Got limited info out of him on the weekend. Seems that the workshops he has been to say they will have to draw up the design manually as they don't have CAD cameras?

It's seems the first plate that they produce will be the most expensive and could be used afterwards as a template for more at a cheaper cost.

Didn't give me an exact number but the template will probably be a bit over 1k. Ryan and I (gravy garage) will be getting the plates back and taking it to a machinist Ryan knows. Will then weigh up the costs to see if it's worth producing a few of them.

Will keep you guys updated!

Or if you really want to spend some money, get the GTR plenum mated onto your neo head: http://www.skylinesa...ad/page__st__40

Wouldn't it be easier and cheaper to get an aftermarket plenum? The gtr unit has been known to run cylinder 5 and 6 leaner due to its internal design...

Lol, so you tell those of us wanting to get an aftermarket plenum to just get the GTR one; and those of us wanting to get a GTR plenum you tell to go aftermarket? You need to make up your mind, sir! :P

I recon you can't go wrong with the gtr plenum just costs a fair bit to mate to the rb25. Also the throttle body designs are much better then most aftermarket plenums it's almost impossible to get 100% flow equal to all cylinders.
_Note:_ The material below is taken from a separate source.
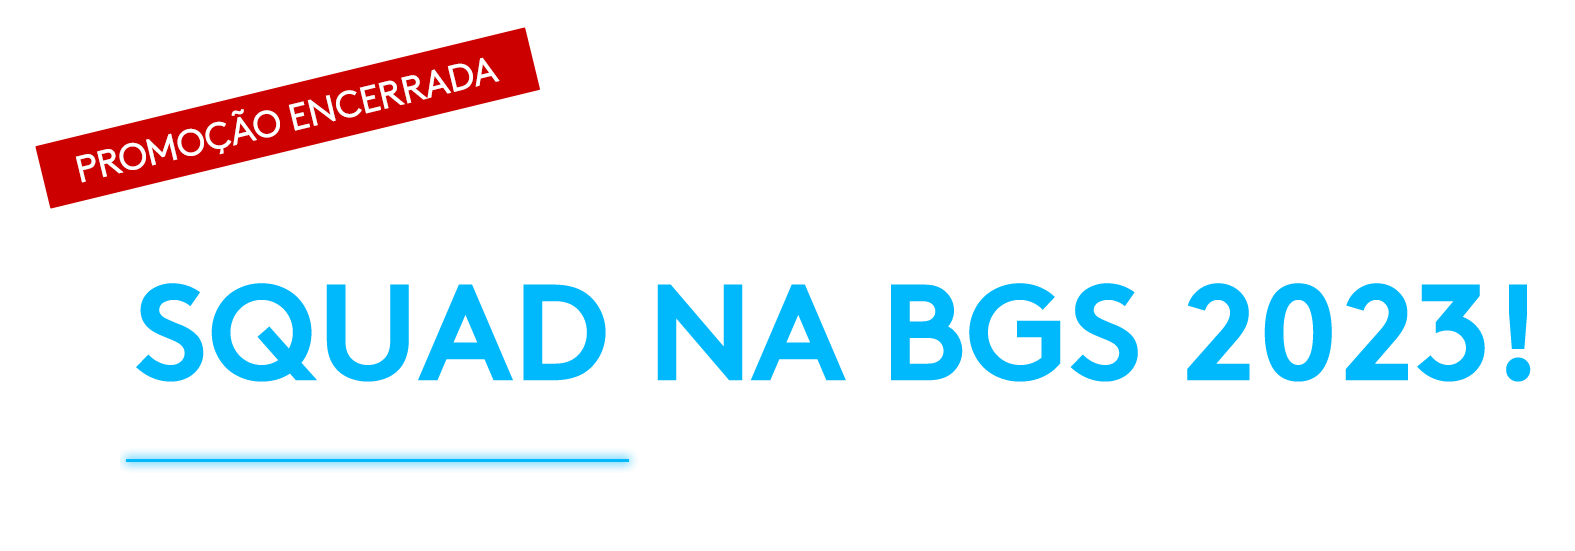 Você e seu squad na BGS 2023! Brasil Game Show 2023 11 a 15 de Outubro

Iv done so much research on this stuff I'm currently making a plenum for a rb25 and the gtr plenum is one of the best designs going

Lol, so you tell those of us wanting to get an aftermarket plenum to just get the GTR one; and those of us wanting to get a GTR plenum you tell to go aftermarket? You need to make up your mind, sir! :P

Hahahah i just read this thread and read what I wrote lol. I think they would all do it, the boost will always push the air through he path of least resistance, ie the back of the chamber. f**k THAT IS AMAZING CONTRACTION LOL.

I'm opposed to both now!

Hahahah i just read this thread and read what I wrote lol. I think they would all do it, the boost will always push the air through he path of least resistance, ie the back of the chamber. f**k THAT IS AMAZING CONTRACTION LOL.

I'm opposed to both now!

Yes, but that's where the design of the plenum itself comes into it. I'm no expert on plenums by any means, but from what research I have done, I understand that the rear of the plenum is narrower and the front wider to create a more even airflow, eg. like this:

intake_plenum_skyline1.jpg

That shape means the path of least resistance is no longer the back of the chamber.

As I said though, I'm no expert. Anyone with a better understanding care to correct me or elaborate?
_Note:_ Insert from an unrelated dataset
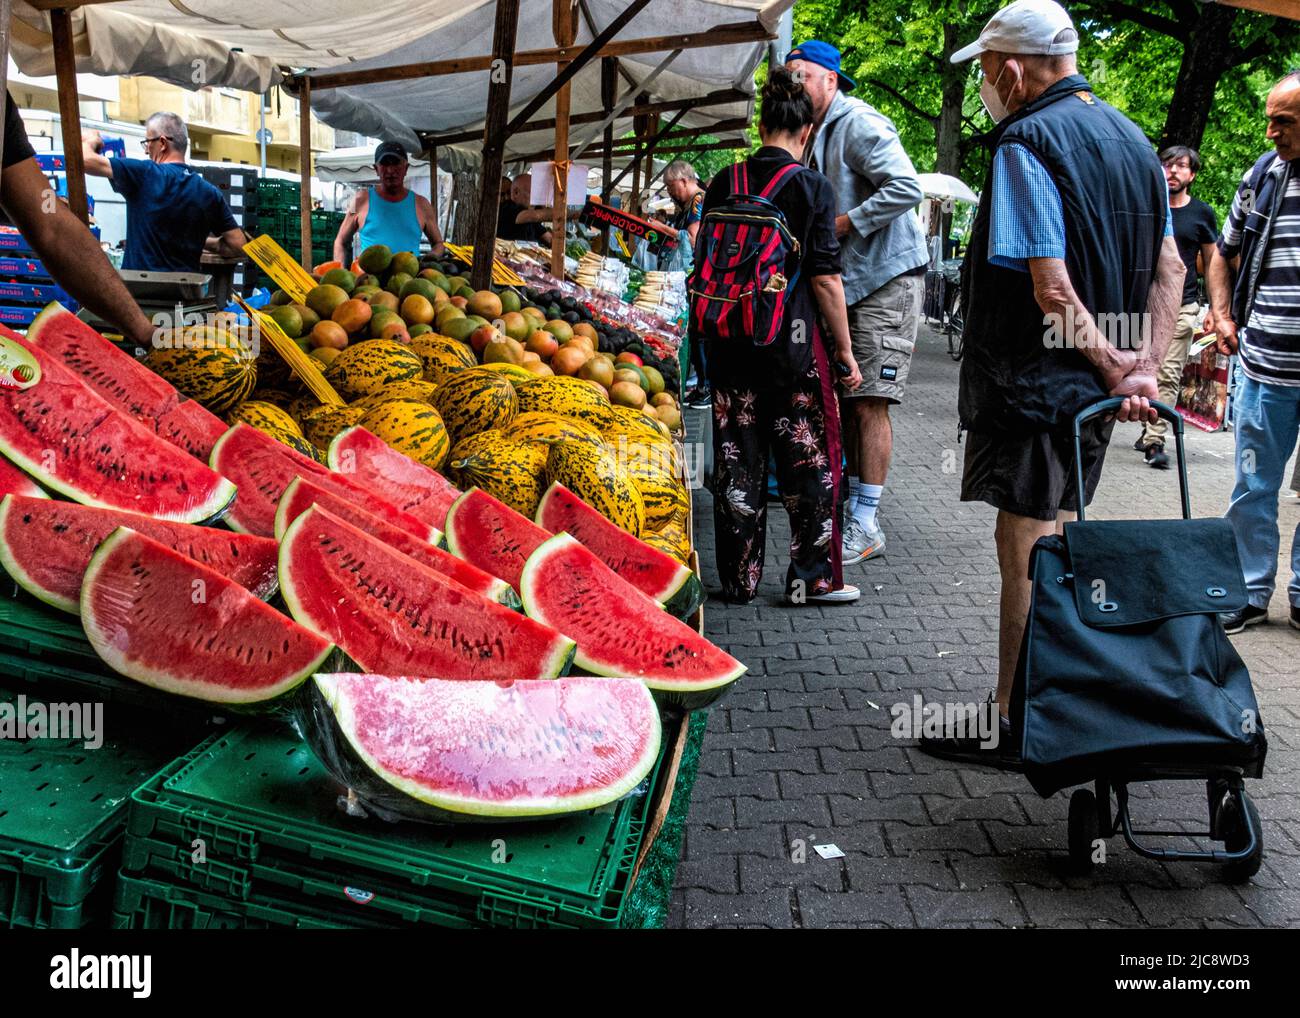 Mercato turco con bancarelle che vendono frutta, verdura e vari altri prodotti a Maybachufer ,Neukölln,Berlino,Germania. Foto Stock

*EDIT* I'm a university man, so gotta leave my source :P

http://horsepowercal...manifold-design

And to quote said source:

Consideration #2: air mass….

Your engine consumes the air…

At the throttle body 100% of the air mass is flowing (say 375 cfm of air for 250hp)

After runner #1 , a quarter of the air has gone into the engine… that leaves you with 280 cfm of air (or 75%)
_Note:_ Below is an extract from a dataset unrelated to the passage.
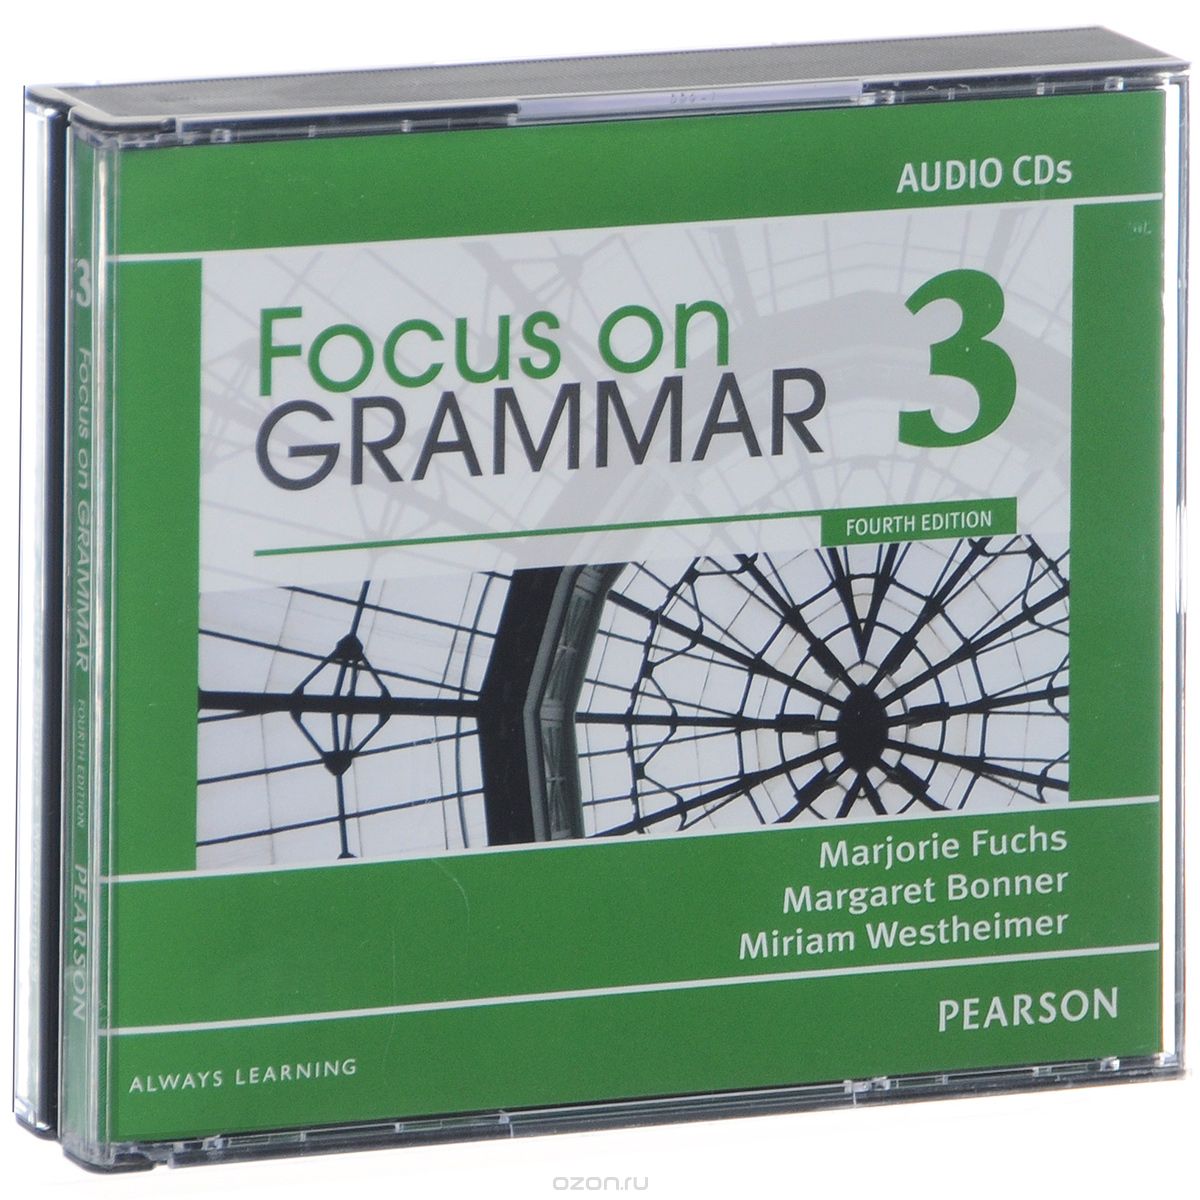 Скачать книгу "Focus on Grammar 3: Audio CDs (аудиокурс на 3 CD)"

After runner #2 , another quarter is consumed leaving you with 50% or 187cfm

After runner #3, another quarter is consumed leaving you with 25% or 93cfm of air

Now if you look at the air velocity

Say you have a 4″ diameter tube as your plenum or 12.56 square inches….

your air velocity will drop as you go down the tube because you have less CFM flow divided by the same area tube

Here are the velocities:

#1 = 375 cfm * 1728 / 12.56 = 51,592 inches per minute or 23 meters per second

#2 = 23 * 3/4 = 18 meters per second

#3 = 23 * 1/2 = 12 meters per second

#4 = 23 * 1/4 = 6 meters per second

So what happens is the air slows down as it approaches cylinder 4

Now what this does in a traditional style intake (same diameter) is that cylinder #1 runs the leanest (gets the most air) and cylinder #4 runs the richest (gets the least air) with all 4 cylinders running exactly the sameinjector duty cycle (unless you have a good ECU that can do individual cylinder fuel trimming).

Now racers that know this build a cheap equal diameter manifold, and then just make sure that they tune based on the air fuel readings of cylinder #1 … if cylinder #1 is safe , then cylinder #4 will be rich, some power is wasted but there is no chance of blowing things up… if by mistake you tune to an oxygen sensor in cylinder #4… and you make it perfect… then #1 will run lean and you may lose th motor …

So what the smarter people do (or the people who have the ability to fabricate a slightly more complex shape plenum) is to taper the plenum towards cylinder #4 at almost exactly that ratio of 100%, 75%,50%,25% going from runner 1 down to runner 4…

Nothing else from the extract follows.